For me, the most honest answer would be that it's a stalemate between Ralph Ellison's Invisible Man and Bernard Malamud's The Assistant. Both are stories from a different time. In Ellison's tale of a nameless narrator whose social "invisibility," rendered by race, makes him a screen for the ideological projections of others, the protagonist must forge not only an identity but a context in which that identity can be recognized. Malamud's story of an Italian stranger seeking refuge and reinvention in a Jewish grocer's store questions the nature of love and what it means to be Jewish, while anticipating our present age when ethnic intermingling is changing the cultural fabric of America.

Anita Sherman

Bio: Associate professor; author, Skepticism and Memory in Shakespeare and Donne

Selections: The Portrait of a Lady by Henry James; assorted poems and other works

In college, a friend (who's now my husband) gave me The Portrait of a Lady by Henry James, and it was a revelation. It captured for me all the oblique ways that people communicate without words—the way you meet another person's eyes and know what she's thinking (or so you imagine) or the inadvertent gestures you over-interpret in the desire for a meaningful connection.
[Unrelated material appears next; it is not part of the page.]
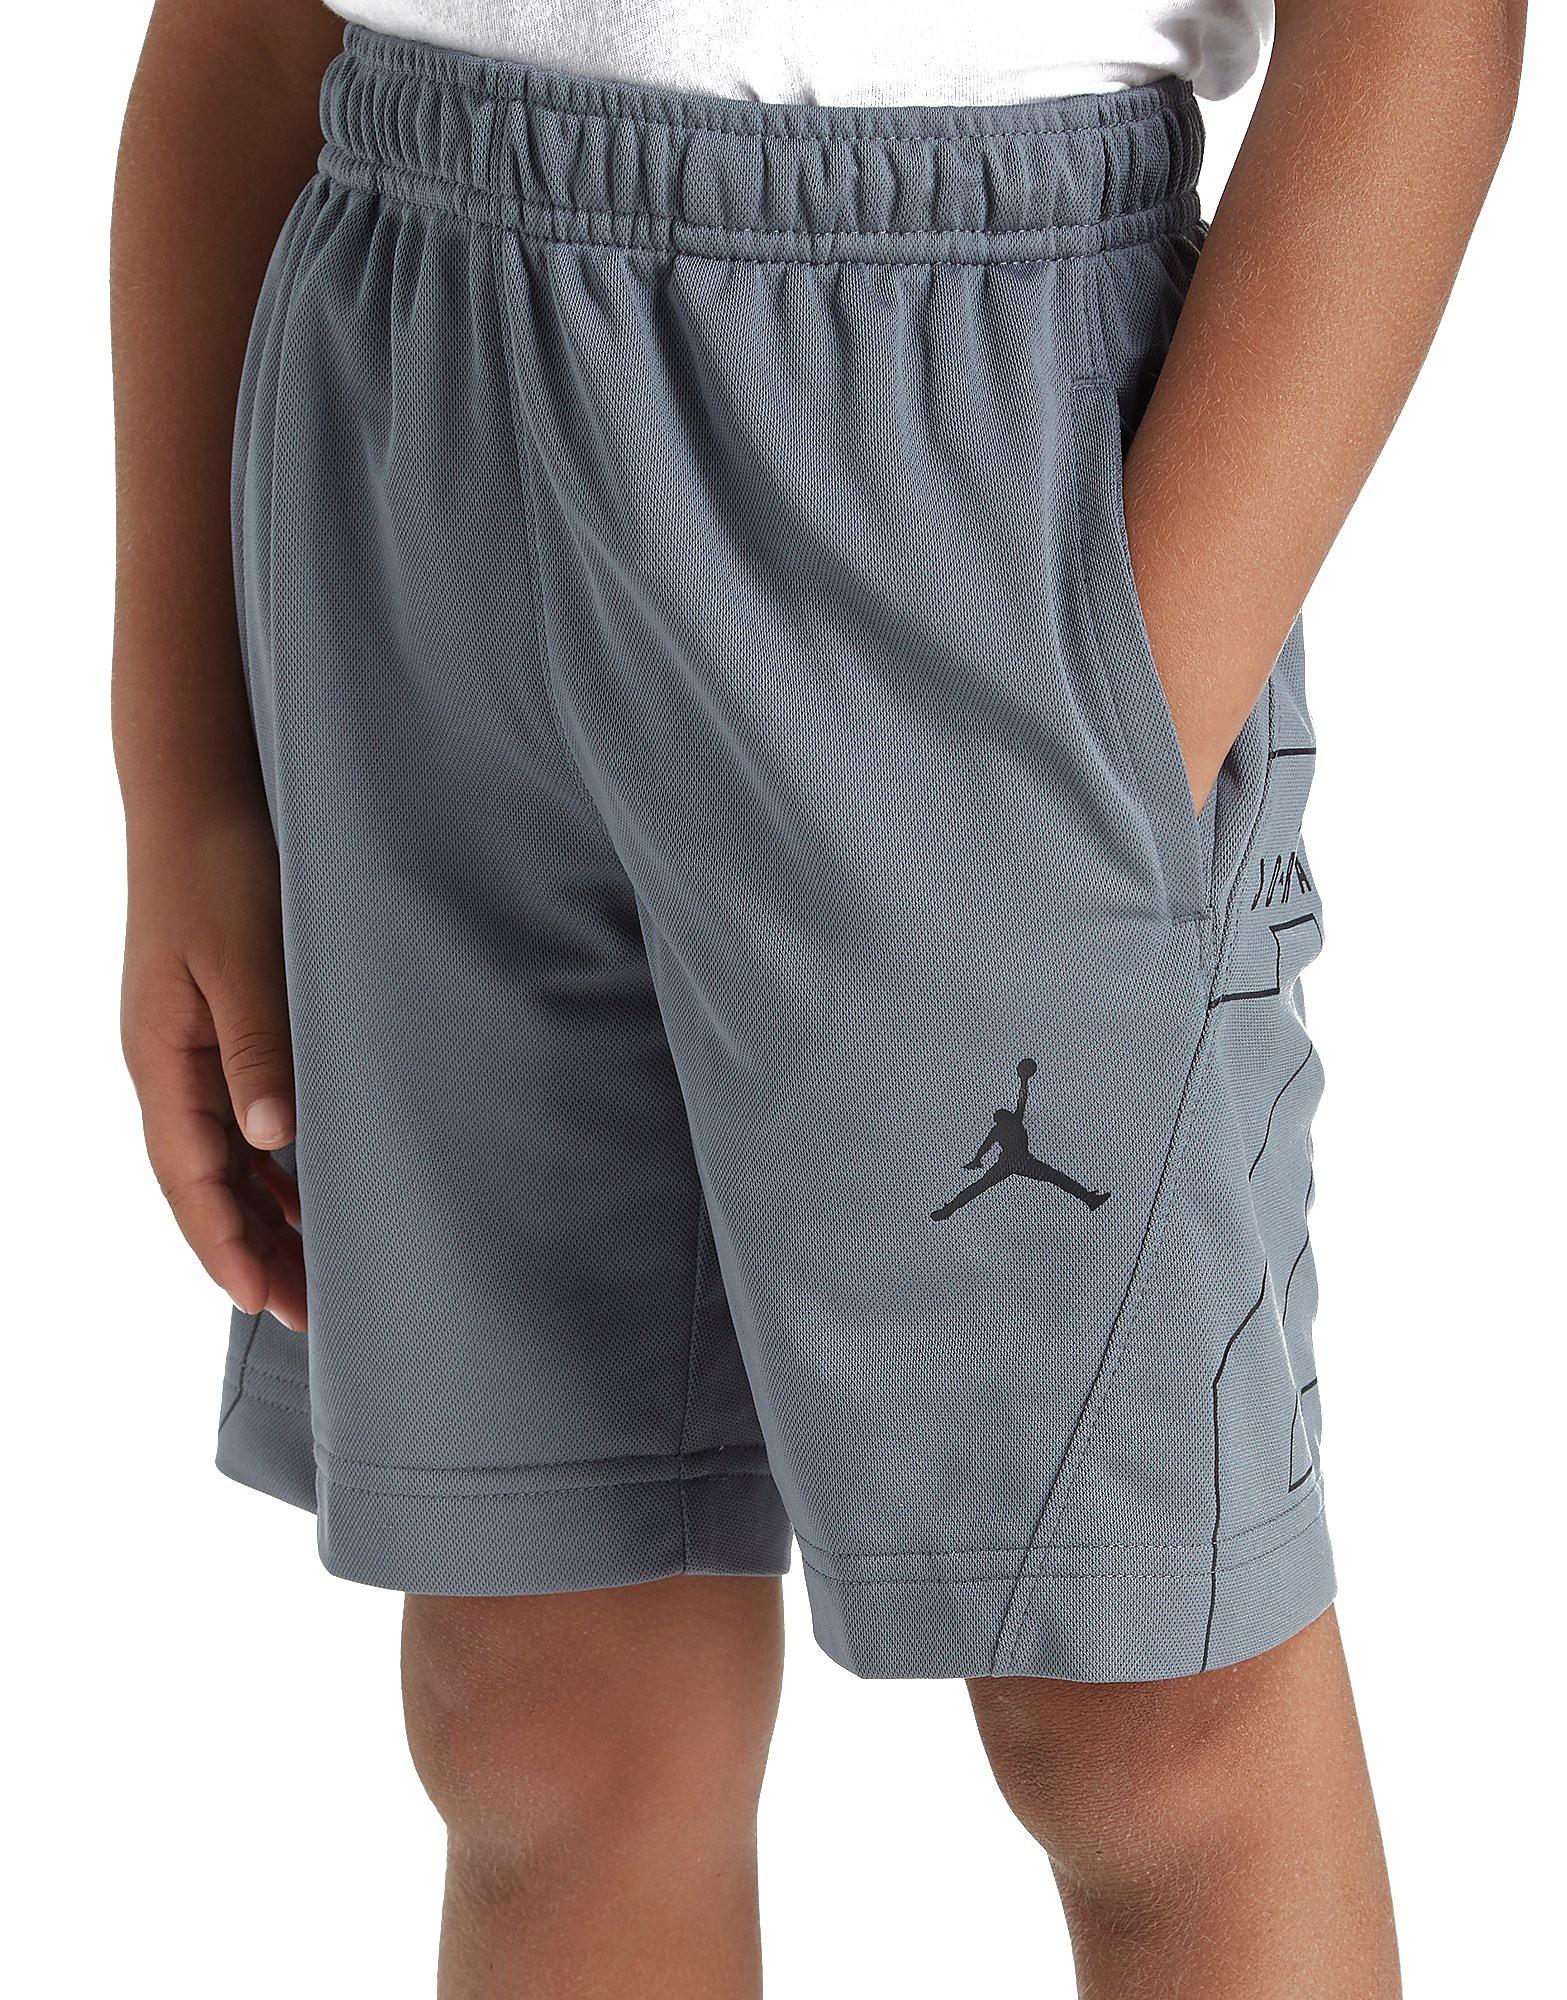 Jordan 23 Shorts Kinder

In a college class, taught by [the late Harvard professor] Isabel MacCaffrey, I discovered English Renaissance poetry. I still know by heart Thomas Wyatt's poem, "They flee from me, that sometime did me seek/With naked foot stalking in my chamber." The beauty of Edmund Spenser's wedding poem to his wife, his "Epithalamion," amazed me with its harmonies and orchestration. These days I love what I teach—mostly Shakespeare—in part because it holds up so well after multiple re-readings. I'm always marveling over lines and phrases I've never noticed before. My all-time favorite poem is probably John Donne's "A Nocturnal upon St. Lucy's Day" because the loneliness of his grief pulls you in. Right now I'm reading Karl Ove Knausgaard's My Struggle, admiring his brilliant way of novelizing the comedy of everyday life.

Alison Thomas

Bio: Professorial lecturer; AU MFA '06

Selection: The Heart is a Lonely Hunter by Carson McCullers

I love this book because I find the prose stunning and lyrical. It's set in the 1930s, and its main characters—a child, a deaf man, an African-American doctor—are richly and lovingly rendered. I like how McCullers lets her characters speak for those who, at the time, were voiceless. As a writer, I admire her compassion for her characters, and as a reader, I feel moved by the characters' search for solace in this swath of the world McCullers paints them in—a realistic, sometimes gritty, portrait.